SIGIR Poster on Multi-Document Summarization

I read the poster MSSF: A Multi-Document Summarization Framework based on Submodularity (SIGIR 2011). It talked solving the problem using a budgeted maximum coverage problem based on submodularity. Some points to read about
  • Let E be a finite set. The function f:Pow(E)->R is submodular if, for any S \subset T \subset E, and s \in E \ T we have
f(T U {s}) - f(T) <= f(S U {s}) - f(S).
Submodular functions are closed under non-negative linear combinations.
  • Budgeted Maximum Coverage Problem (NP-Hard): Given a set E of sentences, where each subset S has an influence i(S) and a cost c(S), and a budget b, find a subset S of E which has the larget possible influence while the total cost does not exceed b.
  • For example, b is the maximum number of sentences in the summary, c(S) = number of sentences in S, and i(S) is a submodular function measuring the influence of the summary S, then there exist algorithms to solve this problem approximately.

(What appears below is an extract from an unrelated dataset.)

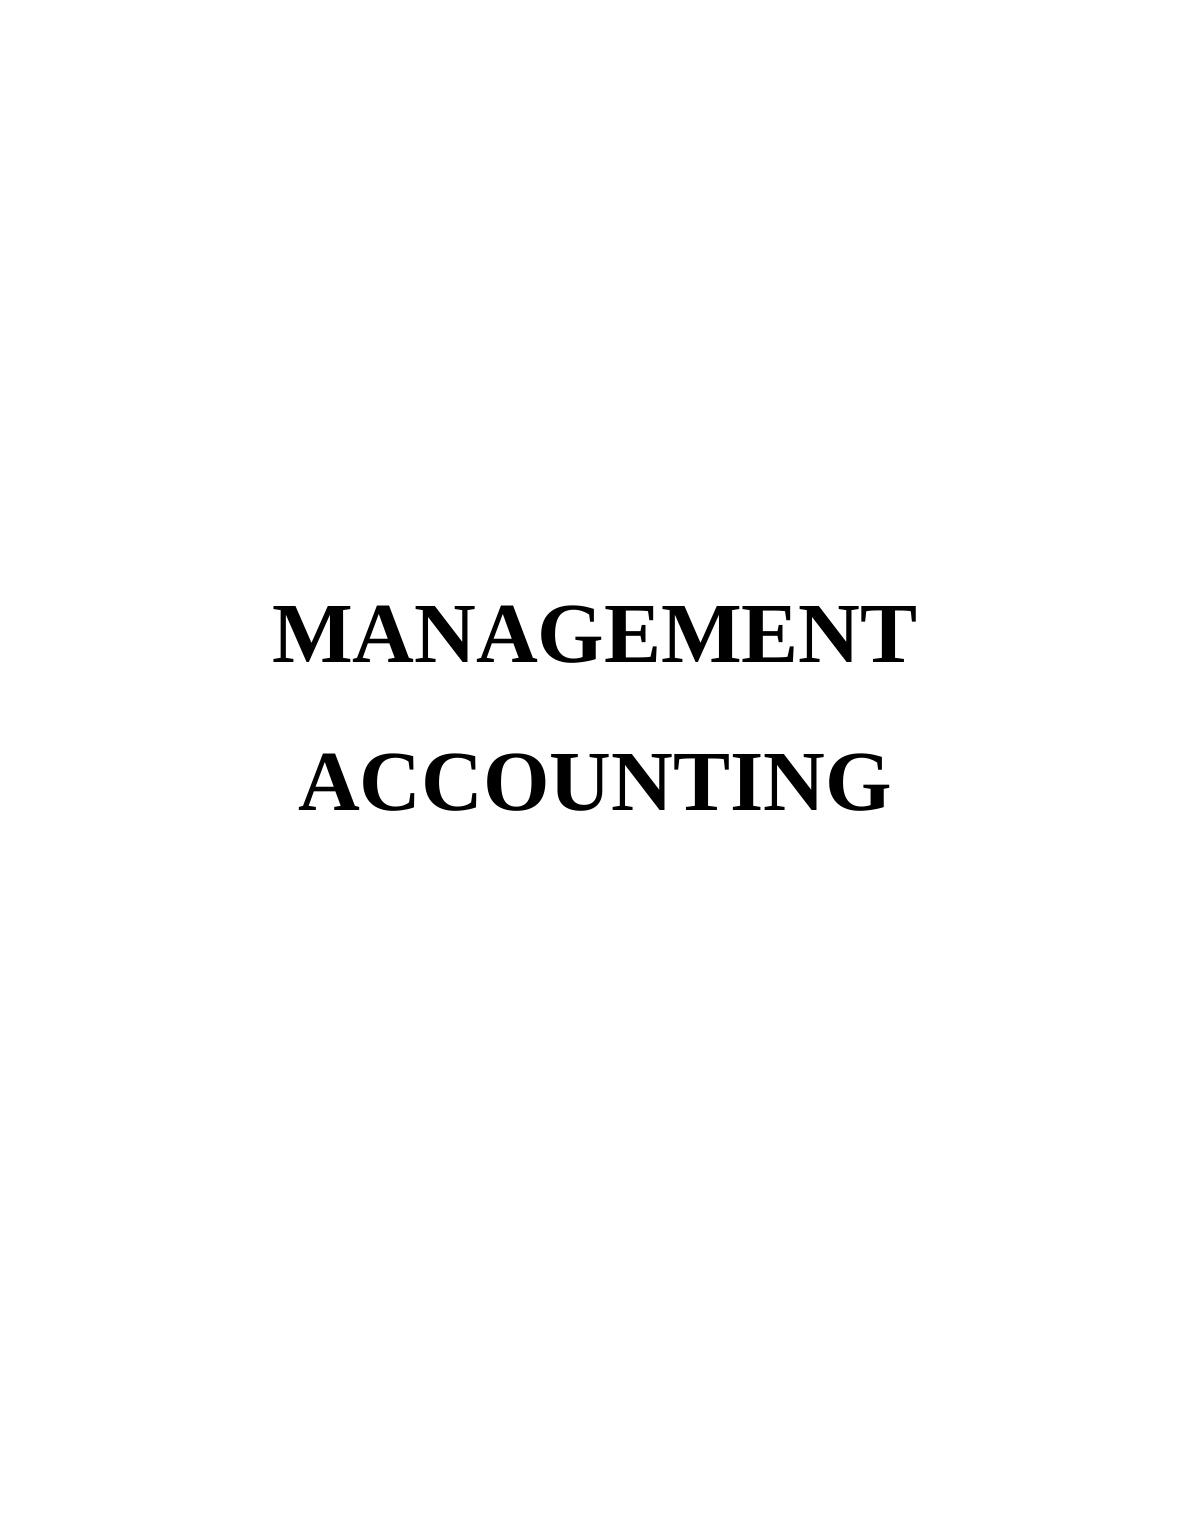 (Doc) Management Accounting Assignment - Solution_1

Different functions i(S) were proposed in the poster, for different settings (simple summarization, query-focused ~, update ~, comparitive ~). For the simple case
i(S) = \sum{s_i \in E\S} \sum{s_j \in S} sim(s_i, s_j) - \sum{s_i,s_j\in S, s_i != s_j} sim(s_i, s_j) = f1(S) - f2(S)
  • f1(S) measures to what degree S represents E, and f2(S) measures redundancies within S. f1(S) and -f2(S) are both submodular, so i(S) is also submodular.
Things to look up
  • Budgeted Maximum Coverage Problem. Khuller, Moss, Naor. 1999, Minoux 1978.
  • Maximum Marginal Relevance, Update summarization, Comparitive summarization, Query-focused summarization

Thursday, January 5, 2012

I am attending a School on Network Science at ECE, IISc, organized as part of the IMI, and funded by ICTS. I jotted down some points for revision/future look-up.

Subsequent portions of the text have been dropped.